15/01/2026 - 16:57 | Atualizada em 16/01/2026 - 12:27
Redação
O ministro Flávio Dino, do STF, proibiu o envio de emendas parlamentares a ONGs e entidades do terceiro setor administradas por parentes de parlamentares ou de seus assessores. A decisão busca evitar favorecimento pessoal e uso indevido de recursos públicos.
Segundo Dino, a prática fere os princípios da impessoalidade e da moralidade e pode configurar improbidade administrativa. O ministro afirmou que transformar emendas em benefício familiar “desnatura” a finalidade constitucional desses recursos.
Além da proibição, Dino determinou medidas para reforçar a fiscalização, como notas técnicas, auditorias e prazos para órgãos de controle. A decisão integra ações do STF para ampliar a transparência e a rastreabilidade das emendas.
Recorrência
O ministro observou que reportagens veiculadas pela imprensa apontam indícios graves de mau uso de verbas públicas na destinação de recursos a entidades dessa natureza, “prática que equivale à apropriação privada do Orçamento Público, em desvio dos critérios objetivos e impessoais que devem reger a atuação estatal”.
Essa circunstância soma-se a problemas já identificados por diversas auditorias realizadas pela Controladoria-Geral da União (CGU), que concluíram pela incapacidade técnica e operacional de várias ONGs, além de persistentes déficits de transparência.

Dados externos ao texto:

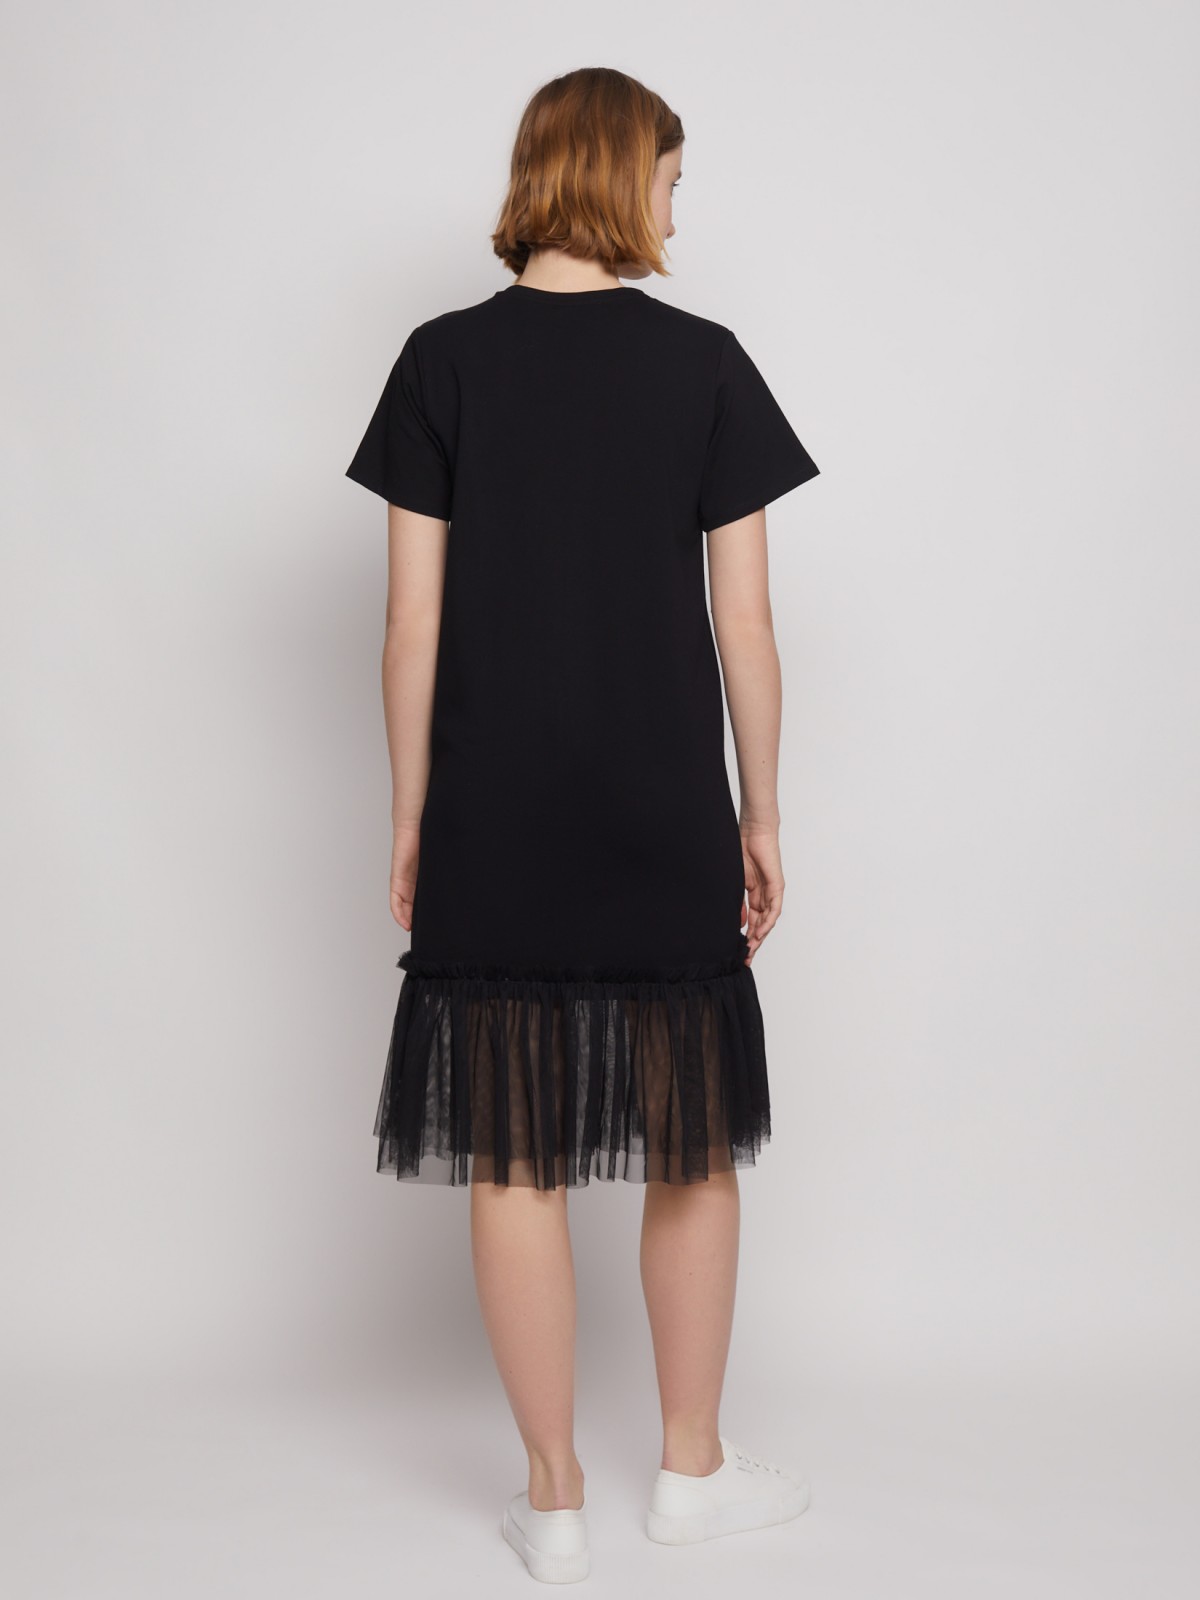 Женские платья-футболки — купить в интернет-магазине Ламода

Segundo o relator, apesar dos avanços alcançados após providências voltadas à adequação da destinação de recursos públicos a essas organizações, os fatos recentemente noticiados indicam que ainda persiste a necessidade de aperfeiçoamento do modelo. “Não se revela compatível com o regime republicano que parlamentar possa destinar emendas a entidades vinculadas a familiares, direta ou indiretamente, transformando recursos públicos em moeda de afeto, conveniência ou lealdade pessoal”, enfatizou.
Ele acrescentou que tentativas de contornar a proibição por meio de interpostas pessoas, vínculos indiretos ou estruturas artificiais de autonomia afrontam o núcleo das normas constitucionais e legais que regem a matéria. “É proibido qualquer mecanismo que permita a submissão do interesse público a interesses privados, mediada por agentes políticos investidos de poder decisório sobre a destinação de recursos”, afirmou.
Falhas de fiscalização
Na mesma decisão, o ministro Flávio Dino abriu prazo de 60 dias corridos para que o Ministério do Desenvolvimento Regional, o Ministério da Gestão e da Inovação em Serviços Públicos e a CGU elaborem nota técnica conjunta avaliando a execução das emendas parlamentares pelo Departamento Nacional de Obras Contra as Secas (DNOCS) e pela Companhia de Desenvolvimento dos Vales do São Francisco e do Parnaíba (Codevasf).
A medida, explicou o relator, surge do contexto de problemas crônicos de gestão, falhas de fiscalização e recorrência de obras de baixa qualidade, apontadas por operações policiais, auditorias e matérias de meios de comunicação relacionadas a emendas destinadas aos dois órgãos.